J'étais - on peut le dire - sur le cul. La façon légère avec laquelle tu parlais de ça m'impressionnait. Même moi qui ne mâchait pas mes mots je n'aurais pas été aussi franc. Tu m'as ensuite expliqué qu'Emilia était une amie, avec qui tu t'amusais de temps en temps. Vous vous entendiez très bien. Et il n'y avait pas de malentendu. Comme pour plusieurs autres personnes en réalité. Tu avais des amants. Plusieurs a la fois bien sûr. La sexualité et le sexe n'étaient pas du tout tabou pour toi. Tu m'as raconté plusieurs de tes "expériences". J'étais jaloux. Je me rendais alors compte que le sexe ne se limitait pas à la pénétration et que j'étais loin de m'y connaitre aussi bien que toi. Tu avais même participé à plusieurs "partouzes" avec fille et garçons mélangés. Je crois que ça c'est ce que j'étais le moins tenté de faire. Du moins, avec un autre mec.

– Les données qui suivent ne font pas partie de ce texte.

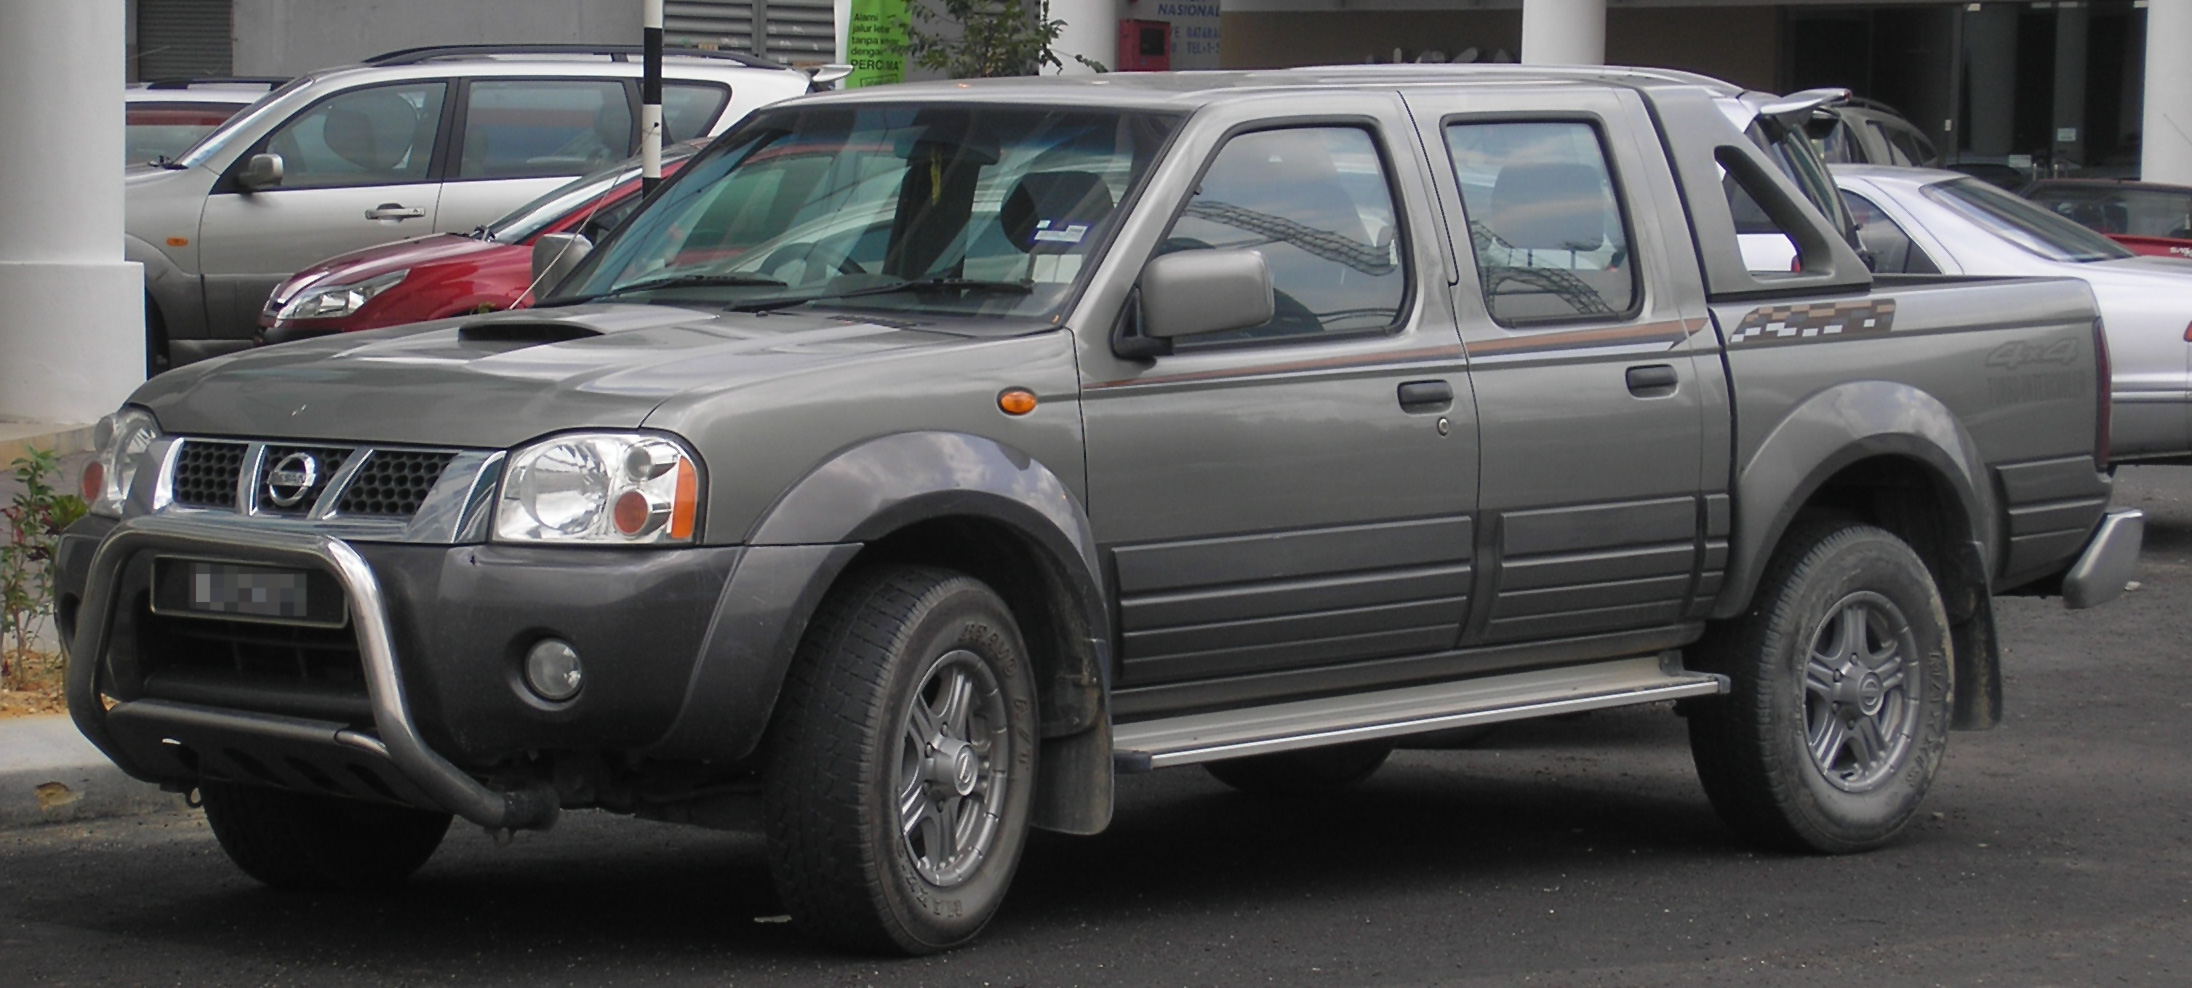 Nissan Frontier Wiki >> Nissan Frontier Wiki Best Upcoming Car Release 2020

Tu étais une vraie débauchée. Pire que moi. Et ce n'était pas pour me déplaire. Tu m'as appris quelques techniques, quelques trucs que les filles aimaient, et j'ai trouvé quelques trucs a te confier que tu ignorais chez les mecs. Je me suis surpris a penser que coucher avec toi de temps en temps ne me déplairait pas. J'ai rapidement chassé cette image de ma tête. On a ensuite rejoint les autres aux parcs. Entre temps, Martin de Bill était arrivés. Il ne manquait plus que Gus'. On l'a rapidement appelé et il nous a rejoint. On a un peu fumer, rien de bien méchant, deux joints pour nous tous. Juste de quoi être joyeux. Un mec est venu vers toi et a enroulé ses bras autour de ta taille. Il t'a chuchoté quelque chose, un sourire pervers affiché sur le visage. Je t'admirais tu sais? Le mec est parti au bout d'un moment, toujours ce sourire scotché au visage.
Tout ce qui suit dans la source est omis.